- [ACTIVITY]: Your output should consist solely of the lines from the one with "荒野大镖客2里兰卡斯特连发步枪原型到底是什么？温彻斯特步枪的各型号分辨 - 哔哩哔哩" through the end of the records, reproduced exactly, both ends included.

[Records excerpted from a collection]

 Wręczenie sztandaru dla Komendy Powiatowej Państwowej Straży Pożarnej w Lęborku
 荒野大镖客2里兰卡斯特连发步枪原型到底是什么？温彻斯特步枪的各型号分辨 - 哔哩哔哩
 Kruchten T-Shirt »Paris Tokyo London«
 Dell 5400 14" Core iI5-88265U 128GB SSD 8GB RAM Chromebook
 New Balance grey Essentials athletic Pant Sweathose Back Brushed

- [SOLUTION TO THE PROBLEM]:
 荒野大镖客2里兰卡斯特连发步枪原型到底是什么？温彻斯特步枪的各型号分辨 - 哔哩哔哩
 Kruchten T-Shirt »Paris Tokyo London«
 Dell 5400 14" Core iI5-88265U 128GB SSD 8GB RAM Chromebook
 New Balance grey Essentials athletic Pant Sweathose Back Brushed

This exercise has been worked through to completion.